Confesso, foi mais difícil sair da psiquiatria do que da faculdade. Adoro ser professora, não faria mestrado por nenhuma outra razão. Já faz muito tempo que sei disso. Quando me formei ser professora foi a primeira porta aberta na minha vida profissional. Ser professor é uma segunda natureza, mais que uma profissão. É um gostar que não se explica, gostar de apresentar coisas sobre as quais antes não se pensou, ou que se pensou de uma forma diferente. É complementar, e pode ser confundir também. Pode ser levar as pessoas à dúvida, ajudá-las pensar.

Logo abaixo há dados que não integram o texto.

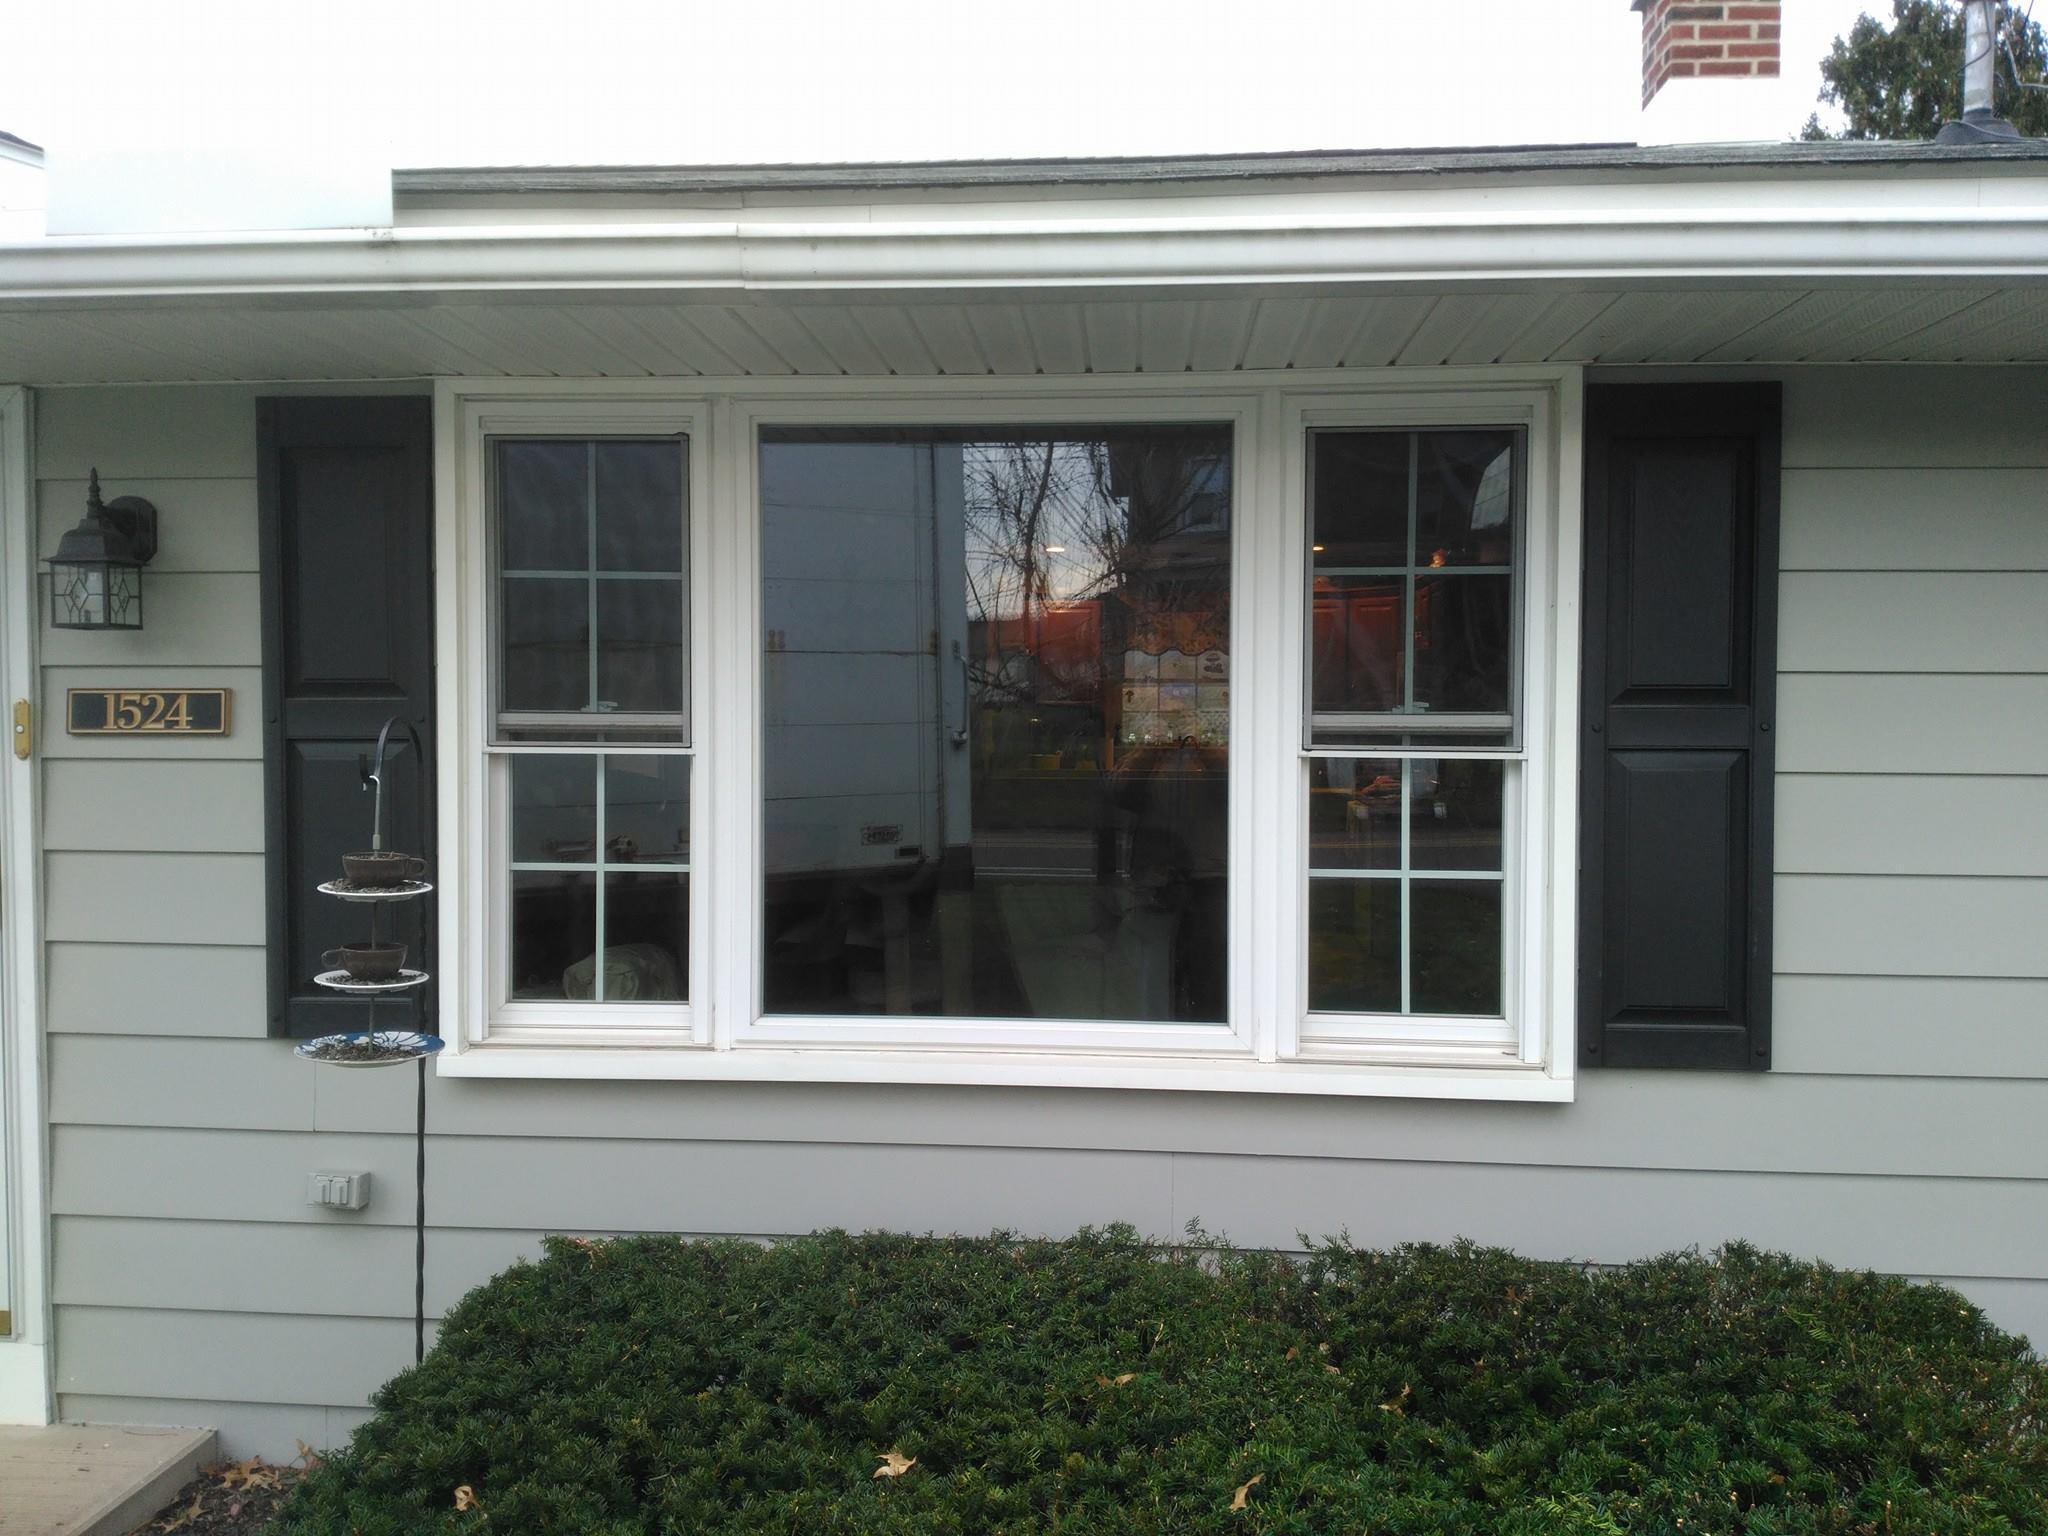 Wengert's Home Center Inc image 0

Hoje encontrei na rua minha professora de português da sexta e da sétima séries. Ela pegava no meu pé, dizia que eu falava muito e trabalhava pouco, meu mal era a língua, mas que uma tesoura resolveria o problema. Uma professora bem old school, dessas que jogam giz e não viram notícia por causa disso. Não era particularmente uma boa professora, mas exigente. Sempre cobrou muito, criticava minha escrita, minha falta de coesão.
Na sétima série, entreguei uma redação. Ela leu e disse "Finalmente você escreveu alguma coisa que preste". Alguns anos mais tarde, a encontrei na rua e ela falou que até aquele dia tinha guardado meu texto sobre o cachorrinho, a primeira boa coisa que eu teria escrito. Hoje ela não me reconheceu, mas eu demorei meia fração de segundo para saber quem era ela. De como era o nome dela lembrei escrevendo esse post, que começou sobre outra coisa: sobre a difícil escolha de, para ser professora universitária, eu ter que abandonar a psiquiatria.
Gosto de lá. Não tem nada a ver com o salário. Tem a ver com a possibilidade de ser psicóloga na concepção que eu faço desta profissão. Tem a ver com o aprendizado que tive em trabalhar em equipe e com a "doença" mental, esse fenômeno que me ajudou a construir um artigo para a pós, depois um projeto de mestrado e que vai se transformar numa dissertação.
Algumas pessoas têm medo, outras acham graça dos meus pacientes, eu vejo todos com uma parcela grande de sabedoria que a gente não entende porque vive um mundo da repressão, em que abafamos bem nosso inconsciente maluco. Lá no hospital eles não gostam do termo "louco". Eu falo que louco é quem rasga dinheiro. E eles riem quando eu falo isso e pergunto de volta se alguém ali rasga. Todos dizem não.
Hoje um dos médicos me falou que sentia muito a minha saída. "Fiquei muito triste", ele disse. "Tu não devias sair (gaúcho, gente)...quer dizer, devias sim. Tu tens outras coisas esperando por ti." Tenho. E sei que essa escolha vai fazer a diferença como professora e psicóloga, e só espero de verdade que, além disso, essa escolha não me mantenha por muito tempo afastada destes que fazem a gente enxergar a vida, a sanidade e especialmente a subjetividade de outro jeito, outro bem melhor, bem menos limitado.